Hell, I'm an atheist and I hardly even notice.

You can't argue with religion.
Why?

Because no one cares.

The thing that most stupid fucking atheists can't get through their stupid fucking heads is that no one gives a damn.
No one cares about god.
No one cares about education.
People claim to care.
People have opinions and they argue them
They devote millions of dollars to religion, to educational reform, to environmental reform.
But they don't actually care.

No, they care about their lives.

This is why it gets so fucked up, you see.

Deep down, in the pit of every single person, is a burning self-interest.
A burning self-concern which makes him or her care most intimately about him or herself and things thereto related.

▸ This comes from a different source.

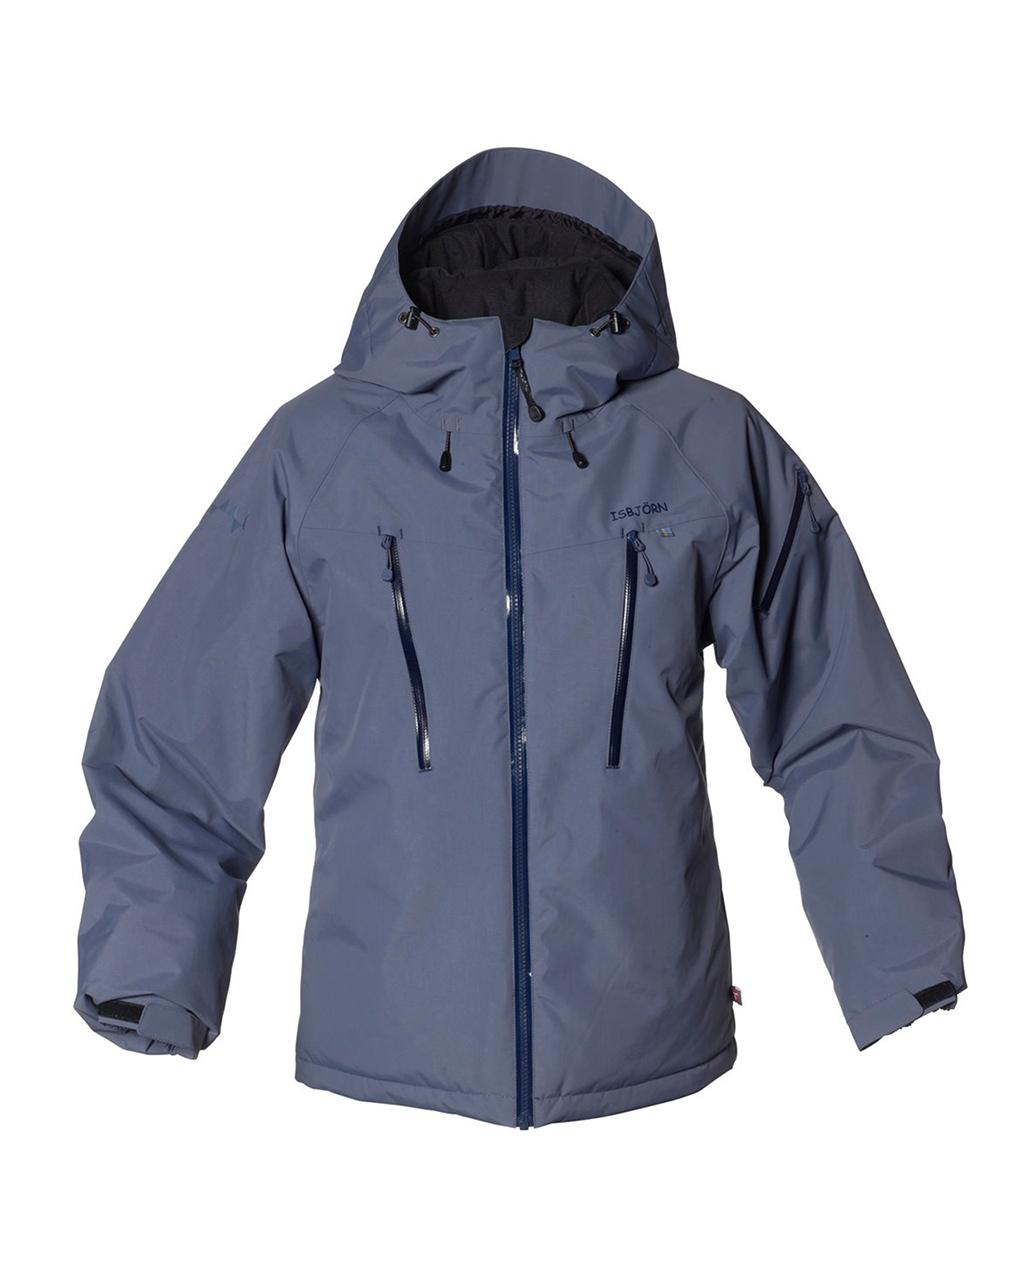 CARVING Winter Jacket barnjacka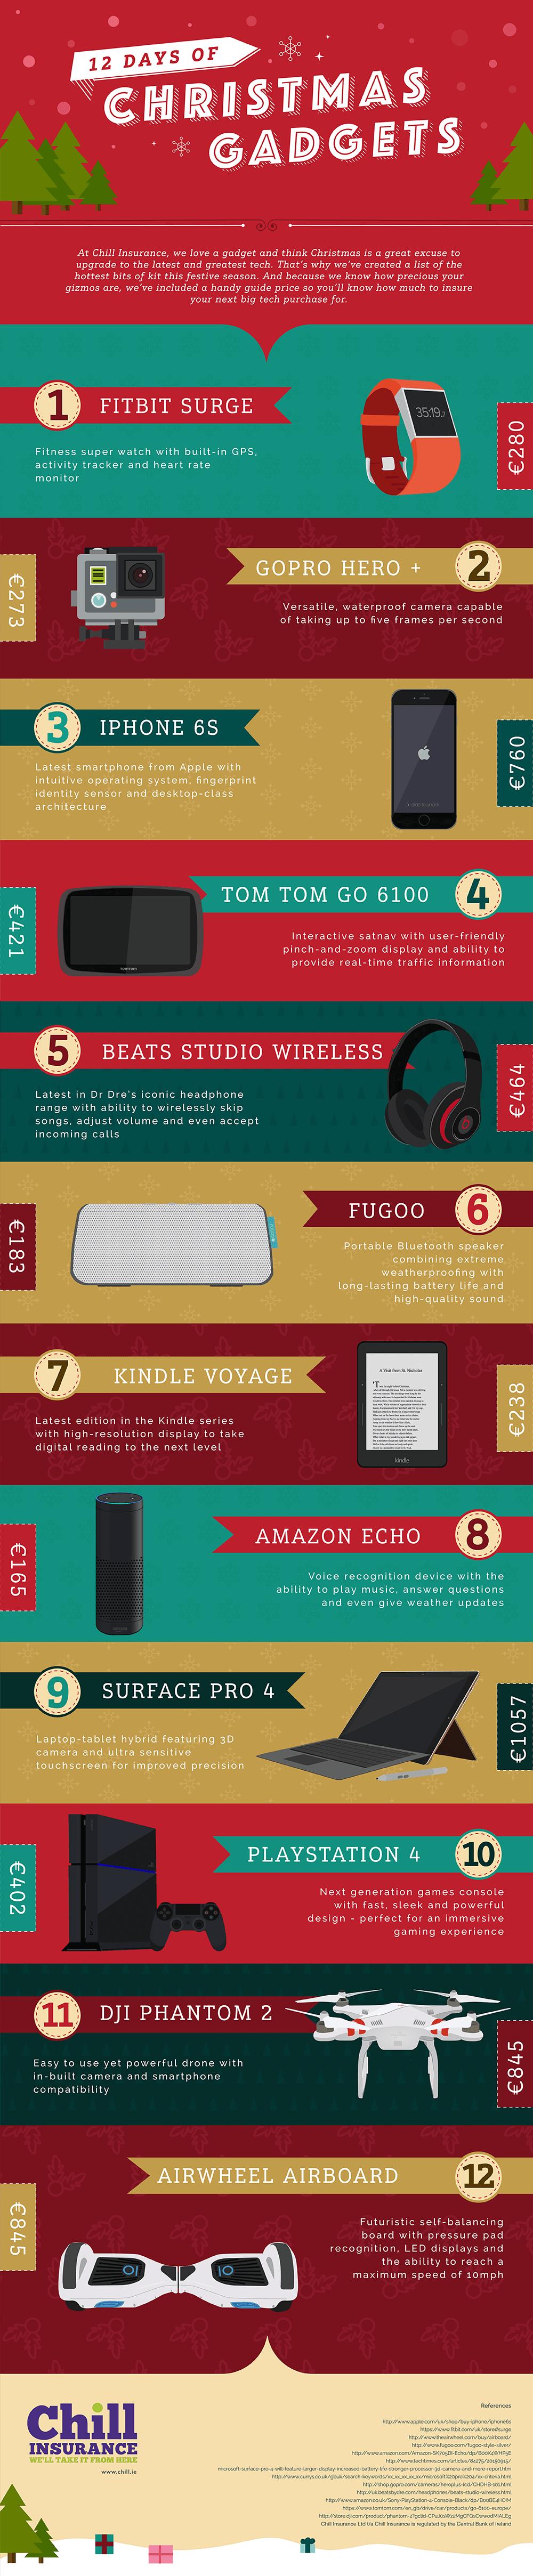 Christmas Gadgets 2015

People who claim to care about the environment just care about themselves.
Now, I'm not making that same stupid fucking argument that "everyone who gives to charity does it because it makes them feel good."
Feeling good has nothing to do with it.

My point here is that people aren't gods.
People feel like gods.
People feel like they have every choice in the world
Like every second that goes by, they can just pick it all up, move it somewhere else, and start over.
Like they can start something new.

But no, people are very very particular.
Each person has devoted his or her time to studying one thing
Or a small set of things.
(well, not every person, e.g. not yours truly and not a small group of people yours truly respects)

They can't just switch.
How could they?
There's no bootstrap!

If you care about X, you can't just suddenly start caring about Y
Especially if you care about X enough!

"Now wait!" you'll say.
You said no one cares.

Well, ok, you caught me, the word has two meanings.

No one Cares (capital C).

This is my definition of Caring (capital C):
If you are willing bow your head humbly and say "I don't know, I really never knew, I want to learn more and do the best that I can." Then you Care (capital C).

I have heard only a few people say such a thing, and I respect those people more than anyone else in the world.

Here are some proofs that people don't Care about what they claim to (please forgive me if I forget to capitalize the "C" in Care)

---

Religious people don't care about god.
Proof:

If I cared about god, the first thing I would do
The most obvious thing, is decide to devote my life to His name.
Why? Because he's all fucking powerful!
Who the fuck cares about anything else?
There is a being of infinite power.

Some people believe that he has the power to send you to heaven or hell for eternity.
If such people sin
Ever
They are morons.
-or-
They don't _actually_ believe/Care.
If I believed that some being had such a power over me, then i would be a real dumbfuck if I ever did anything even remotely close to sinning. I would move into the forest, bow my head, and pray humbly every fucking day hoping for my soul to be saved.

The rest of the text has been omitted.